• AIPressRoom
  • Posts
  • Abu Dhabi Releases Largest Brazenly-Out there Language Mannequin Falcon 180B

Abu Dhabi Releases Largest Brazenly-Out there Language Mannequin Falcon 180B

The Abu Dhabi authorities’s Expertise Innovation Institute (TII) launched Falcon 180B, at the moment the most important openly-available giant language mannequin (LLM). Falcon 180B accommodates 180 billion parameters and outperforms GPT-3.5 on the MMLU benchmark.
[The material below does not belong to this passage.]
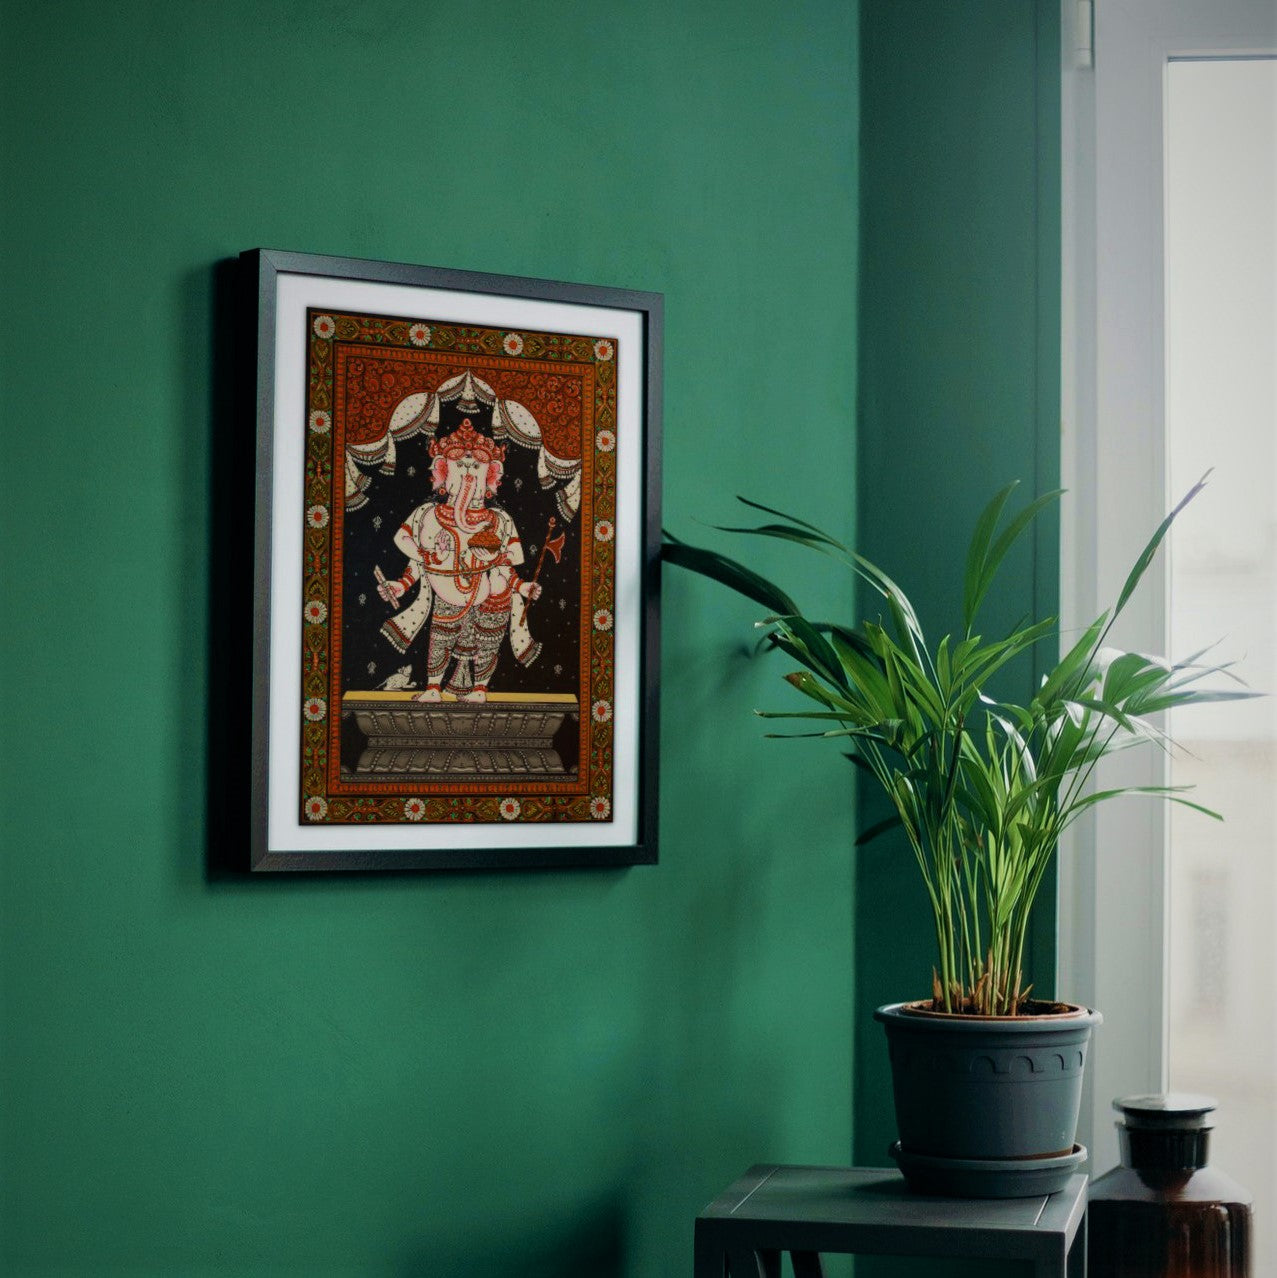 The Ganesha Art Pattachitra Painting | Pattachitra Framed Wall Art

Falcon 180B was skilled on 3.5 trillion tokens of text–4x the quantity of information used to coach Llama 2. In addition to the bottom mannequin, TII additionally launched a chat-specific mannequin that’s fine-tuned on instruction datasets. The fashions can be found for business use, however the license consists of a number of restrictions and requires extra permission to be used in a hosted service. Though TII says that Falcon’s efficiency is “tough to rank definitively,” it’s “on par” with PaLM 2 Massive and “someplace between GPT 3.5 and GPT4,” relying on the benchmark used. In keeping with TII:

 

As a key expertise enabler, we firmly consider that innovation must be allowed to flourish. That’s the reason we determined to open supply or open entry all our Falcon fashions. We’re launching our newest Falcon 180B LLM as an open entry mannequin for analysis and business use. Collectively, we will mobilize and fast-track breakthrough options worldwide – catalyzing innovation for outsized affect.

 

Falcon 180B is predicated on TII’s smaller mannequin, Falcon 40B, which was launched earlier this 12 months. One innovation within the Falcon structure was using multiquery consideration, which reduces the mannequin’s reminiscence bandwidth necessities when working inference. Each the fashions had been skilled on TII’s RefinedWeb dataset; for the brand new 180B mannequin, the quantity of information was elevated from 1.5 trillion tokens to three trillion. Coaching Falcon 180B took roughly 7 million GPU-hours on Amazon Sagemaker, utilizing 4,096 GPUs concurrently.

On X (previously Twitter), a number of customers posted concerning the Falcon 180B. One user speculated that:

 

GDPR within the EU could make the Falcon 180B mannequin the one viable possibility for individuals who prioritize knowledge localization and privateness.

 

Though the mannequin’s measurement makes it tough for many customers to run domestically, Huggingface scientist Clémentine Fourrier pointed out that there isn’t a distinction in inference high quality “between the 4-bit Falcon-180B and the bfloat-16 one,” that means that customers might scale back reminiscence wants by 75%. Georgi Gerganov, developer of llama.cpp, a package deal that helps customers to run LLMs on their private {hardware}, claimed to be working the mannequin on an Apple M2 Ultra.

Commenting on the mannequin’s generative capabilities, HyperWrite CEO Matt Shumer famous TII’s declare that the mannequin’s efficiency was between GPT-3.5 and GPT-4 and predicted “We’re now lower than two months away from GPT-4-level open-source fashions.” NVIDIA’s senior AI scientist Dr. Jim Fan took issue with the model’s lack of training on supply code knowledge:

 

Although it’s past me why code is just 5% within the coaching combine. It’s by far essentially the most helpful knowledge to spice up reasoning, grasp device use, and energy AI brokers. The truth is, GPT-3.5 is finetuned from a Codex base….I don’t see any coding benchmark numbers. From the restricted code pretraining, I’d assume it isn’t good at it. One can not declare “higher than GPT-3.5” or “method GPT-4” with out coding. It ought to’ve been an integral half within the pretraining recipe, not a finetuning after-thought.

 

The Falcon 180B fashions, each base and chat, can be found on the Hugging Face Hub. An interactive chat demo and the RefinedWeb dataset are additionally out there on Huggingface.